Only God knows how it all turns out,
and for those who belong to Him, it turns out well.

How comforted my heart was when it stumbled upon those words earlier today. Especially when this week has been one filled with phone calls and emails bearing discouraging news on so many fronts. Relationships being stretched to their limits, precious saints being persecuted by very real threats and dangers, trying circumstances causing frustrations and fears to rear their ugly heads. Doubts rising in attempt to thwart any vestige of hope. Yet in the midst of it all, God is.

And that is truly the key. The hope.

God is.

Regardless of what circumstances might lead us to believe, life is not out of control. It is firmly held within the Father’s care. He is very much aware of everything concerning you and me. And while we may be tempted to believe that He must surely have been caught off guard by the current situations glaring at us with such hatred and intimidation, God is not surprised. Not in the least. He is fully aware. Of. It. All.

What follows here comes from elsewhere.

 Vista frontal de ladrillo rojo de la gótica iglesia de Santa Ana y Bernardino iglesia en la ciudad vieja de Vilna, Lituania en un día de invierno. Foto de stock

Those people we love who are suffering, God is there with them. Loving them in ways we cannot see. Moving behind the scenes, shifting kings and kingdoms to do His bidding.

That daunting situation that appears to have no end in sight, God is already there at the finish line with arms outstretched in victory.

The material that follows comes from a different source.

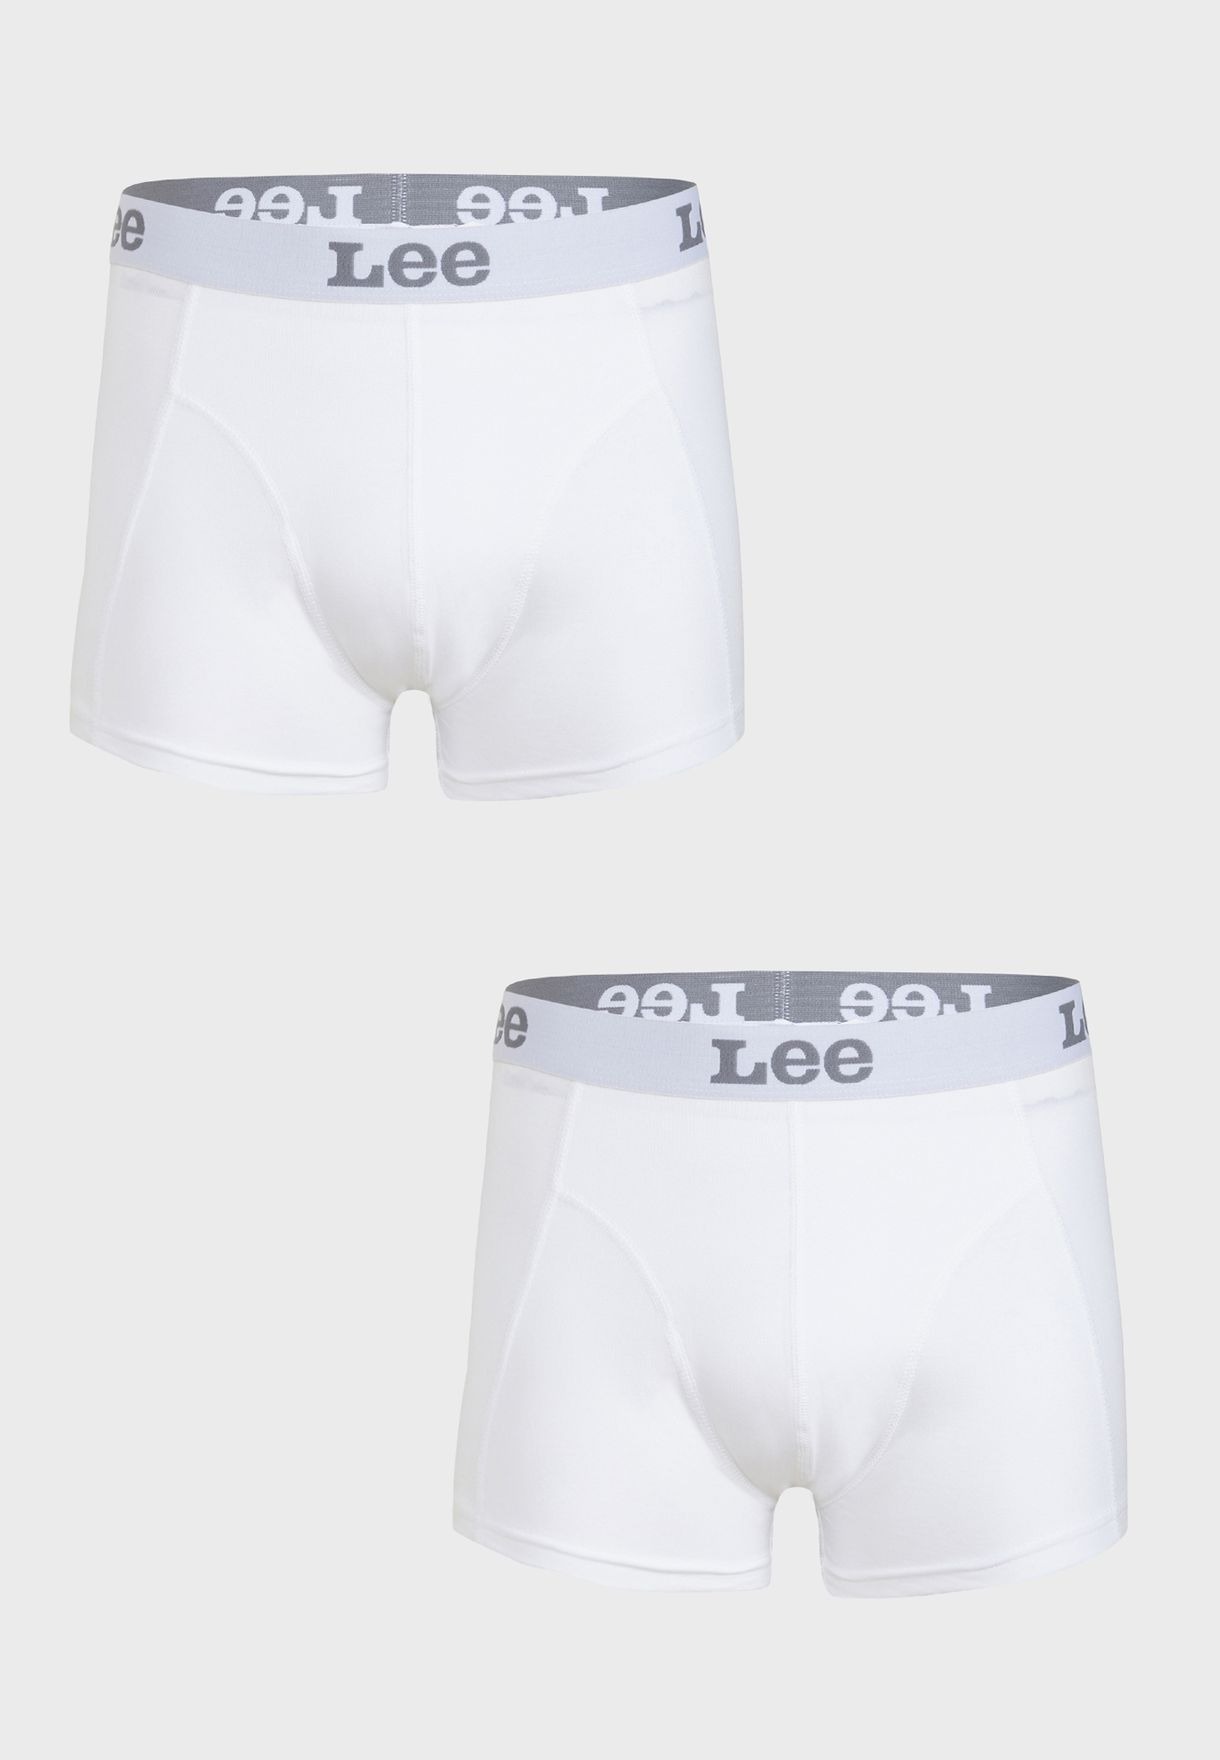 Комплект трусов мужских Lee LP03CK12 белых XL

Those temptations that seem to suck us in time and time again, God is powerful enough to overcome them. And gracious enough to forgive us when we fail.

Those relationships that cause us so much frustration, God is intervening beneath the surface, wooing and drawing hearts continually.

In each and every situation, one variable is constant: God is.

The simplicity of hope found in that statement is truly profound. So profound that it seems too simple. And so we interrupt the measures of grace, adding a complexity to life that we were never intended to live. Instead of steadily breathing in the trust that God invites, we hyperventilate, overdosing on worldly wisdom in attempt to try and make sense of the divine with our limited capacities. Grasping for reasons, we let loose of faith and slip further into despair.

The truth is, we will not always understand why things happen the way they do. But we will always have opportunity to believe.

God is good, my friends.
God is aware.
God is in control.
God simply IS.

And He has gifted us with the ability to trust that  for those who belong to Him, it all turns out well.